▶ _WORK INSTRUCTIONS_
The whole listing needs retyping exactly; keep the pictures out of it.

▶ _MATERIAL PROVIDED_
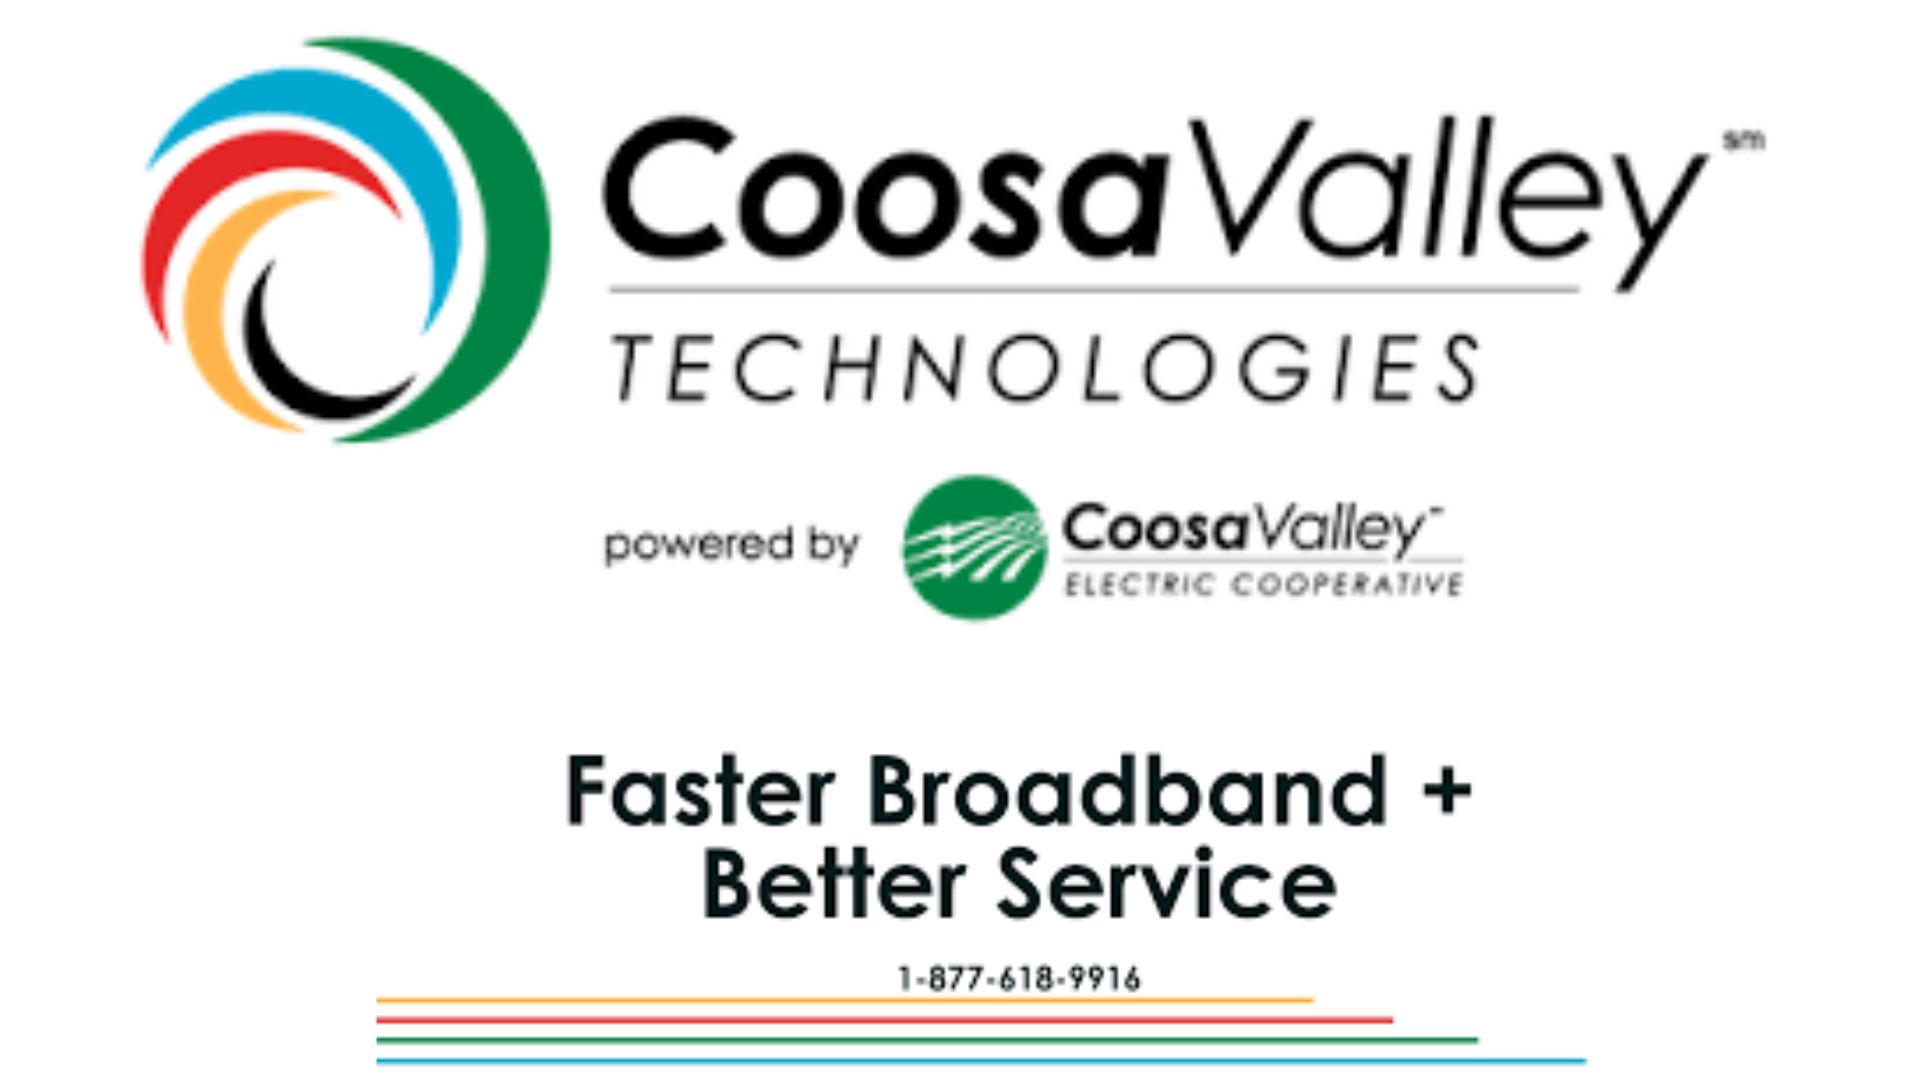 coosa valley technologies
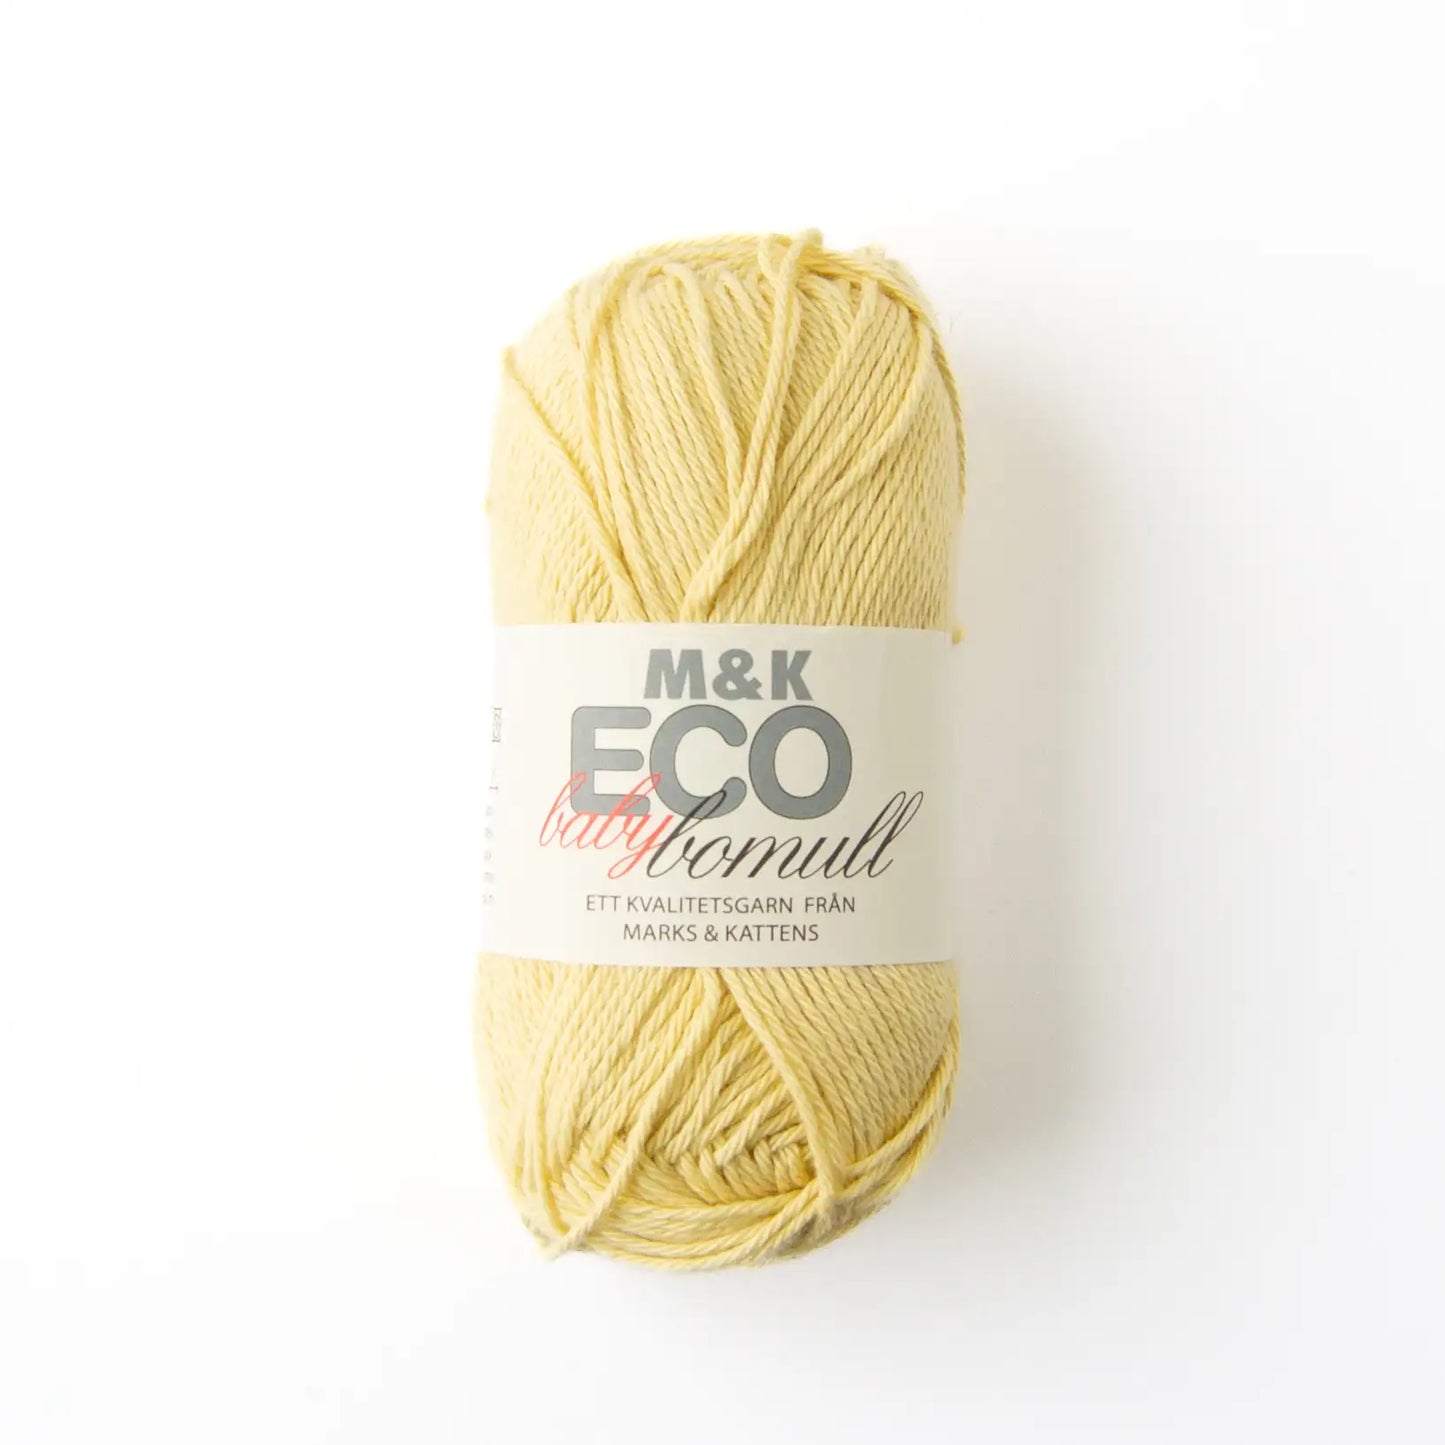 M&K Eco baby cotton | Organic cotton yarn
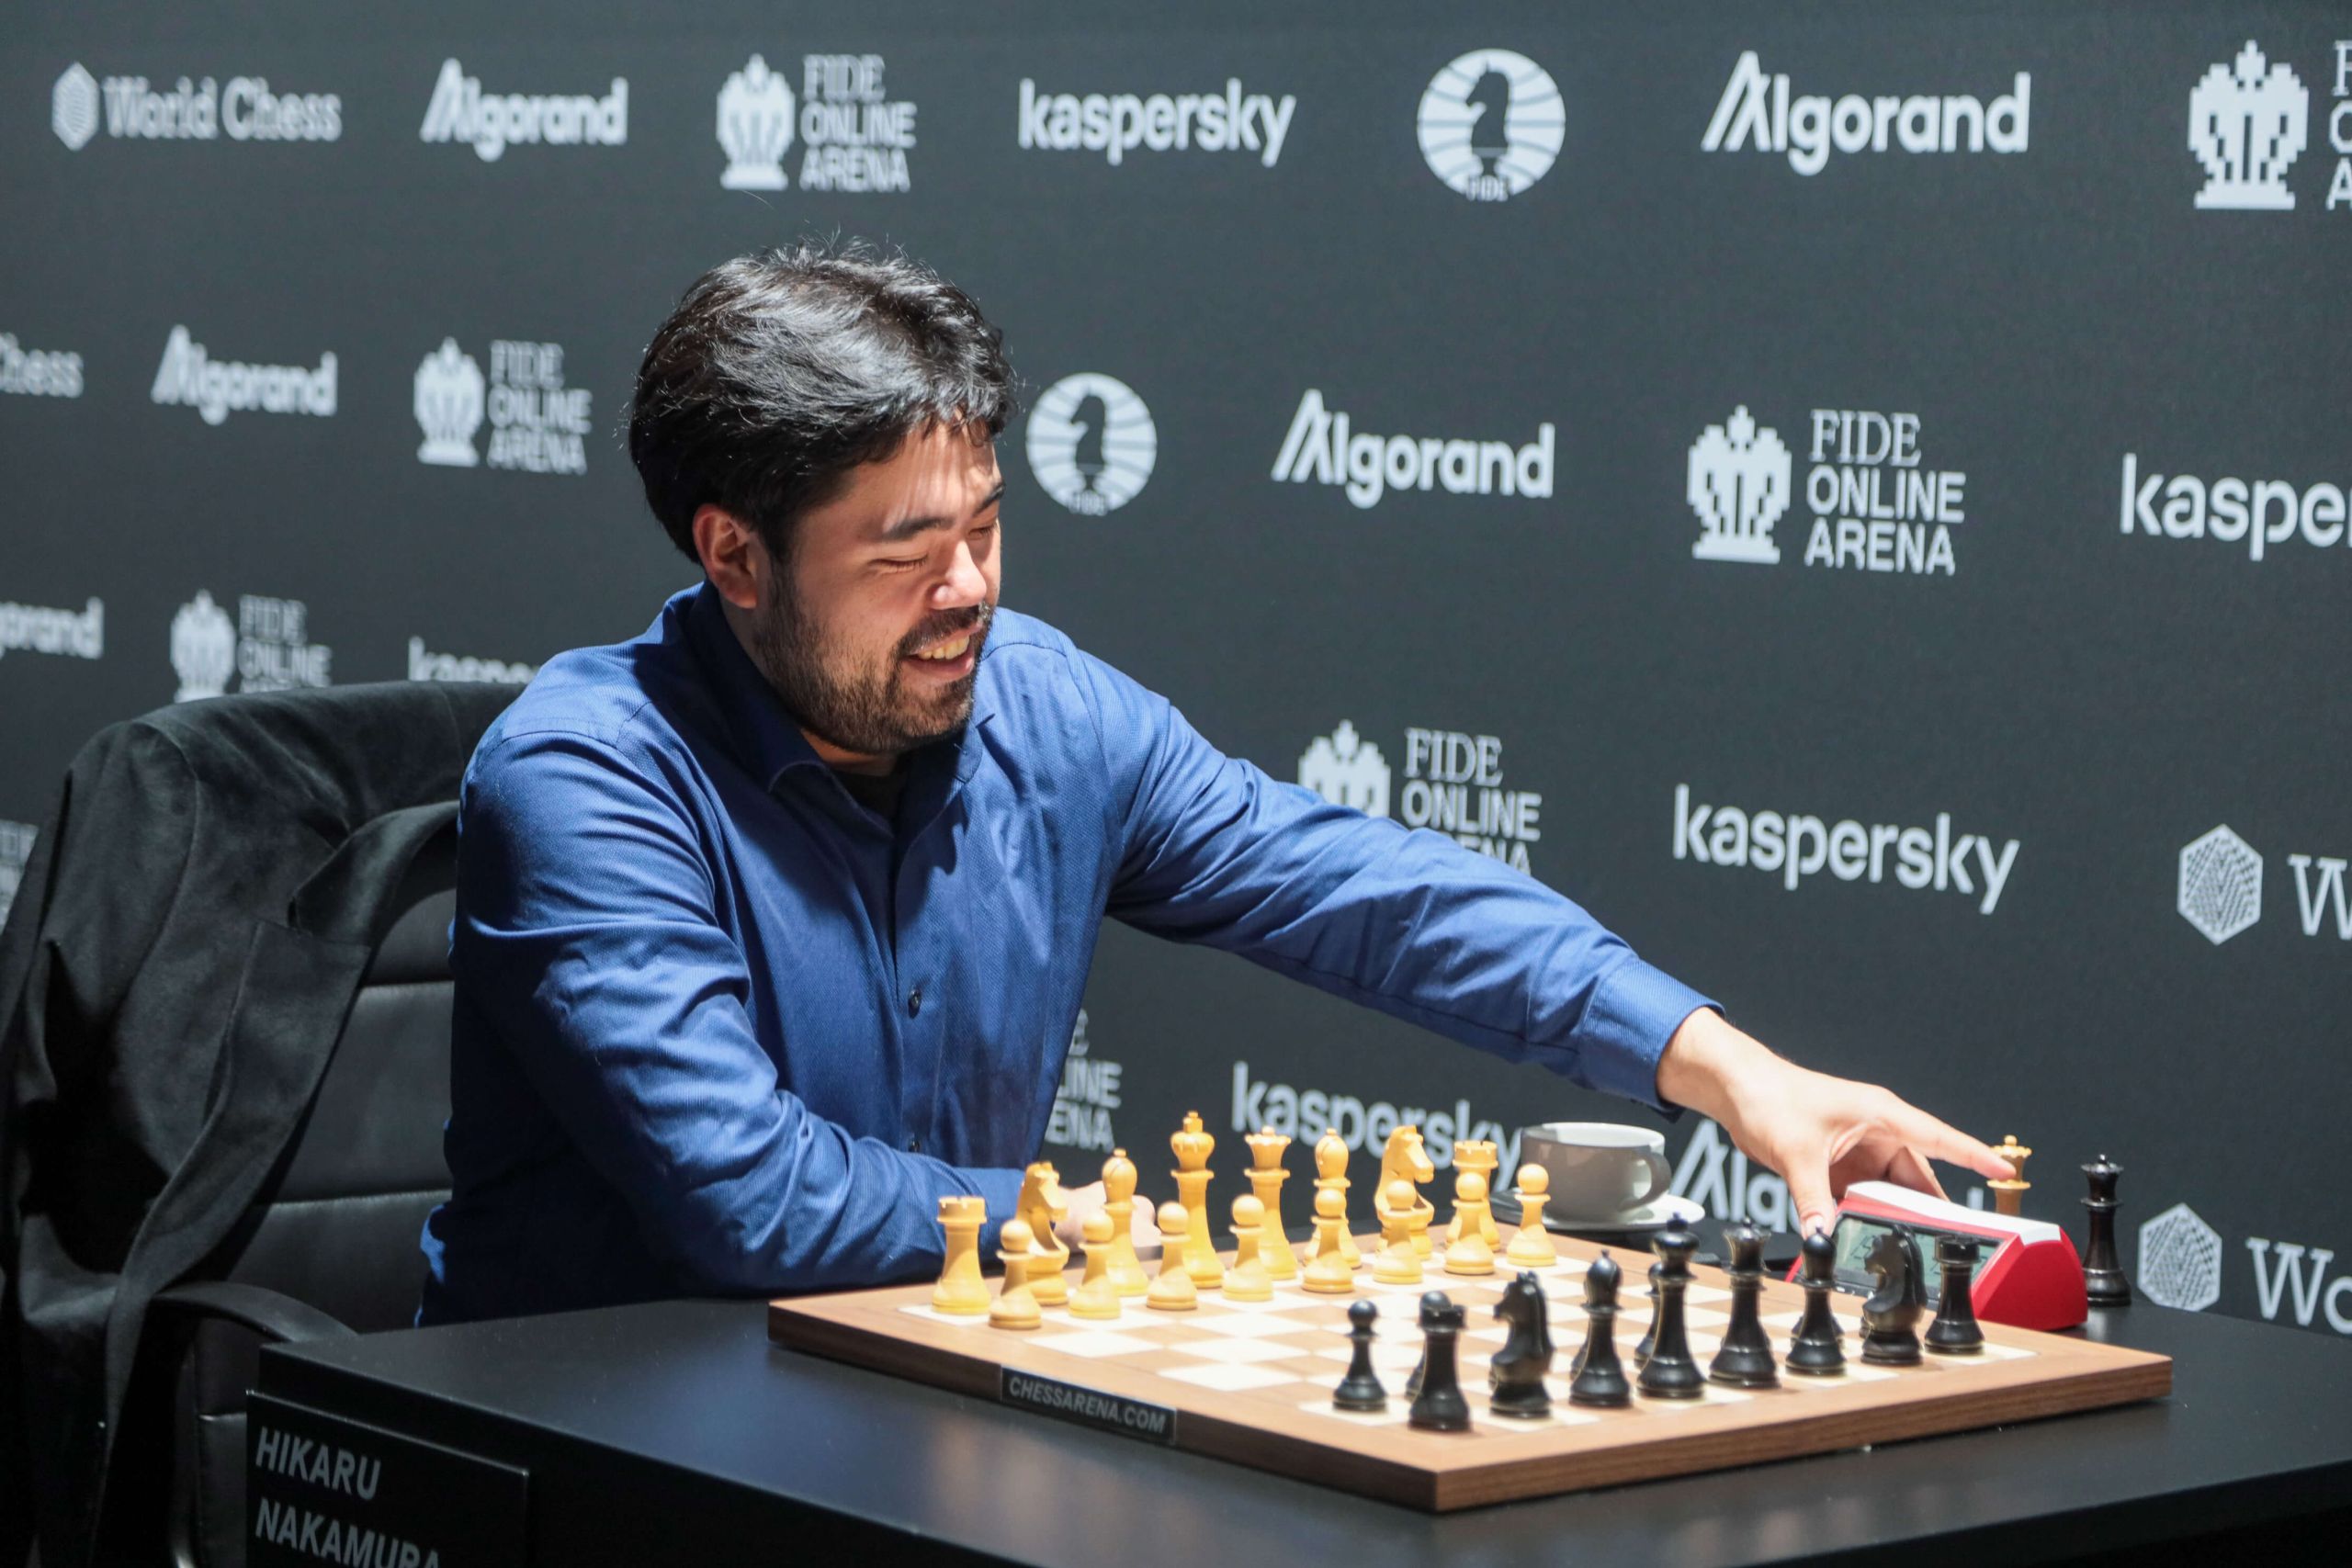 FIDE Grand Prix Berlin: So and Mamedyarov advance to semifinals

▶ _COMPLETED TASK_
 coosa valley technologies
 M&K Eco baby cotton | Organic cotton yarn
 FIDE Grand Prix Berlin: So and Mamedyarov advance to semifinals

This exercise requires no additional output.